Amblymelanoplia unidentata

Scientific classification
- Kingdom: Animalia
- Phylum: Arthropoda
- Clade: Pancrustacea
- Class: Insecta
- Order: Coleoptera
- Suborder: Polyphaga
- Infraorder: Scarabaeiformia
- Family: Scarabaeidae
- Genus: Amblymelanoplia
- Species: A. unidentata
- Binomial name: Amblymelanoplia unidentata Dombrow, 2022

= Amblymelanoplia unidentata =

- Genus: Amblymelanoplia
- Species: unidentata
- Authority: Dombrow, 2022

Species of beetle

Amblymelanoplia unidentata is a species of beetle of the family Scarabaeidae. It is found in South Africa (Western Cape). The habitat consists of Boland Granite Fynbos.

==Description==
Adults reach a length of about 9.2 mm. They are mostly dull black. The clypeus and head have black setae.
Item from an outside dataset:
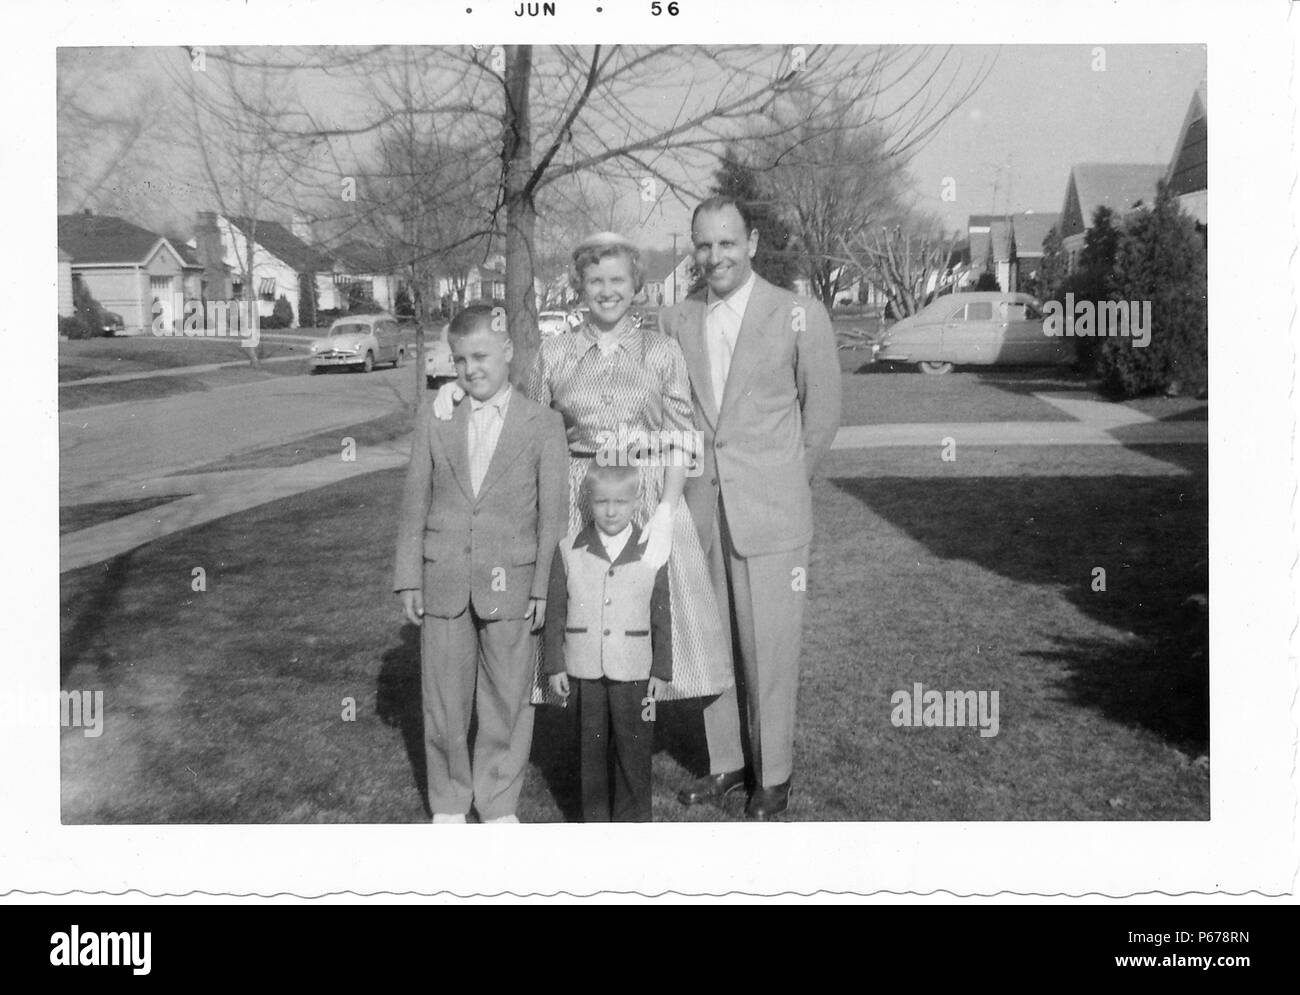 Schwarz-weiß Foto, zeigt eine Familie, in der vollen Länge, zusammen Posieren im Freien, der Mann mittleren Alters, mit einem zurücktretenhaarstrich, trägt einen hellen Anzug und steht mit einem kurzhaarigen Frau, trug einen Rock, Bluse und Handschuhe, und zwei Jungen, beide trugen Anzüge, die Kleinere trägt eine zweifarbige Jacke, mit Bäumen, Oldtimer und s-Häuser im Hintergrund sichtbar, wahrscheinlich in Ohio, Juni, 1956 fotografiert. () Stockfoto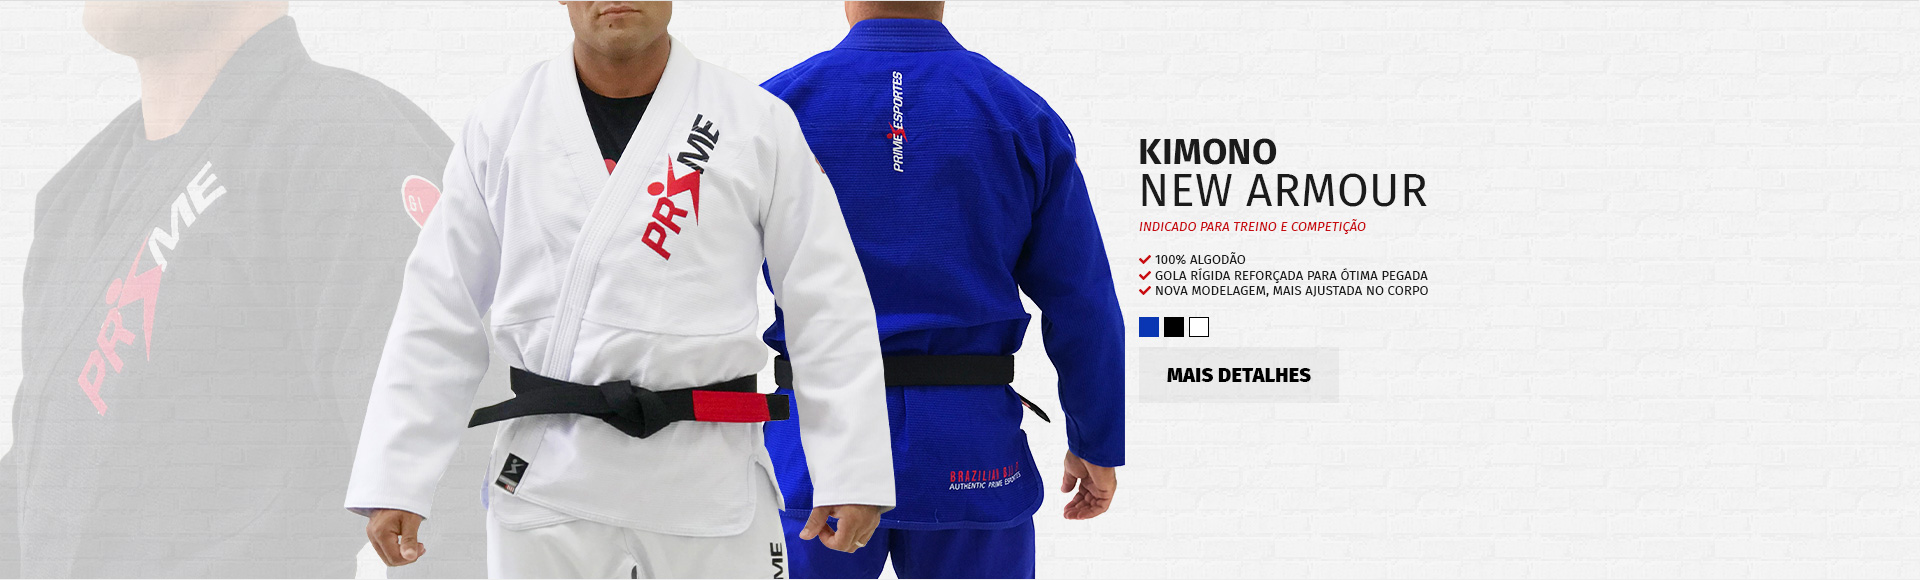 Kimono New Armour

The pronotum has brown setae and black setae on the lateral and anterior margins. The elytra have brown setae.

==Life history==
The recorded host plant is Euryops tenuissimus.

==Etymology==
The species name is derived from Latin uni (meaning one) and dentat (meaning a tooth) and refers to the distinct ventral tooth on the metathoracic tibia.